Bengoa Ana Agustina, Dardis Carolina, Gagliarini Nina, Garrote Graciela L, Abraham Analía G
Facultad de Ciencias Exactas, Centro de Investigación y Desarrollo en Criotecnología de Alimentos, Universidad Nacional de La Plata - Consejo Nacional de Investigaciones Científicas y Técnicas Centro Científico-Tecnológico La Plata - Comisión de Investigaciones Científicas de la Provincia de Buenos Aires, La Plata, Argentina.
Área Bioquímica y Control de Alimentos - Facultad de Ciencias Exactas, Universidad Nacional de La Plata, La Plata, Argentina.
Front Microbiol. 2020 Oct 16;11:583254. doi: 10.3389/fmicb.2020.583254. eCollection 2020.
Microbiota coexists in true symbiosis with the host playing pivotal roles as a key element for well-being and health. Exopolysaccharides from lactic acid bacteria are an alternative as novel potential prebiotics that increase microbiota diversity. Considering this, the aim of the present work was to evaluate the capacity of the EPS produced by two strains isolated from kefir grains, to be metabolized by fecal microbiota producing short chain fatty acids. For this purpose, fecal samples from healthy children were inoculated in a basal medium with EPS and incubated in anaerobiosis at 37°C for 24, 48, and 72 h. DGGE profiles and the production of SCFA after fermentation were analyzed. Additionally, three selected samples were sequenced by mass sequencing analysis using Ion Torrent PGM. EPS produced by CIDCA 8339 (EPS) and CIDCA 83124 (EPS) are metabolized by fecal microbiota producing a significant increase in SCFA. EPS fermentation led to an increment of propionate and butyrate, while fermentation of EPS increased butyrate levels. Both EPS led to a profile of SCFA different from the ones obtained with inulin or glucose fermentation. DGGE profiles of 72 h fermentation demonstrated that both EPS showed a different band profile when compared to the controls; EPS profiles grouped in a cluster that have only 65% similarity with glucose or inulin profiles. Mass sequencing analysis demonstrated that the fermentation of EPS leads to an increase in the proportion of the genera , and and a significant drop in the proportion of enterobacteria. In the same direction, the fermentation of EPS also resulted in a marked reduction of Enterobacteriaceae with a significant increase in the genus . It was observed that the changes in fecal microbiota and SCFA profile exerted by both polymers are different probably due to differences in their structural characteristics. It can be concluded that EPS synthesized by both strains, could be potentially used as bioactive compound that modify the microbiota increasing the production of propionic and butyric acid, two metabolites highly associated with beneficial effects both at the gastrointestinal and extra-intestinal level.
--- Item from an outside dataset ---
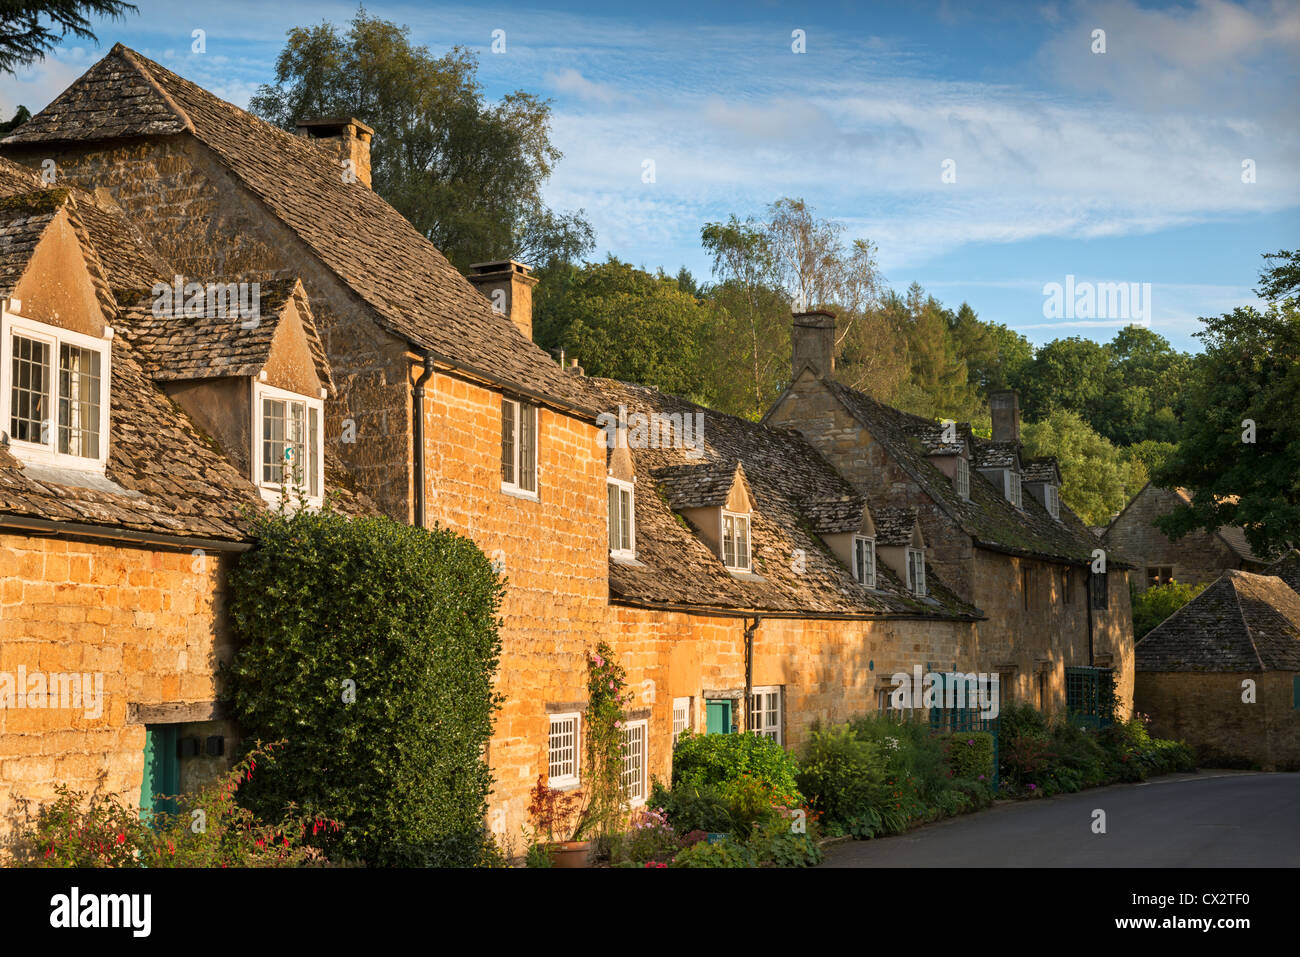 Ferienhäuser in den Cotswolds Dorf Snowshill, Gloucestershire, England. September 2012. Stockfoto

微生物群与宿主以真正的共生关系共存,作为健康和福祉的关键要素发挥着关键作用。来自乳酸菌的胞外多糖作为一种新型潜在益生元,可增加微生物群的多样性。考虑到这一点,本研究的目的是评估从开菲尔粒中分离出的两株菌株产生的胞外多糖被粪便微生物群代谢产生短链脂肪酸的能力。为此,将健康儿童的粪便样本接种到含有胞外多糖的基础培养基中,在37℃厌氧条件下孵育24、48和72小时。分析发酵后的DGGE图谱和短链脂肪酸的产生情况。此外,使用Ion Torrent PGM通过大规模测序分析对三个选定的样本进行测序。CIDCA 8339(EPS)和CIDCA 83124(EPS)产生的胞外多糖被粪便微生物群代谢,导致短链脂肪酸显著增加。胞外多糖发酵导致丙酸和丁酸增加,而EPS发酵增加了丁酸水平。两种胞外多糖导致的短链脂肪酸谱与菊粉或葡萄糖发酵得到的不同。72小时发酵的DGGE图谱表明,与对照相比,两种胞外多糖均显示出不同的条带图谱;EPS图谱聚集在一个与葡萄糖或菊粉图谱仅有65%相似性的簇中。大规模测序分析表明,胞外多糖的发酵导致属、属和属的比例增加,肠杆菌的比例显著下降。同样,EPS的发酵也导致肠杆菌科显著减少,属显著增加。据观察,两种聚合物对粪便微生物群和短链脂肪酸谱的影响不同,这可能是由于它们结构特征的差异。可以得出结论,两株菌株合成的胞外多糖有可能用作生物活性化合物,改变微生物群,增加丙酸和丁酸的产生,这两种代谢物在胃肠道和肠外水平都与有益作用高度相关。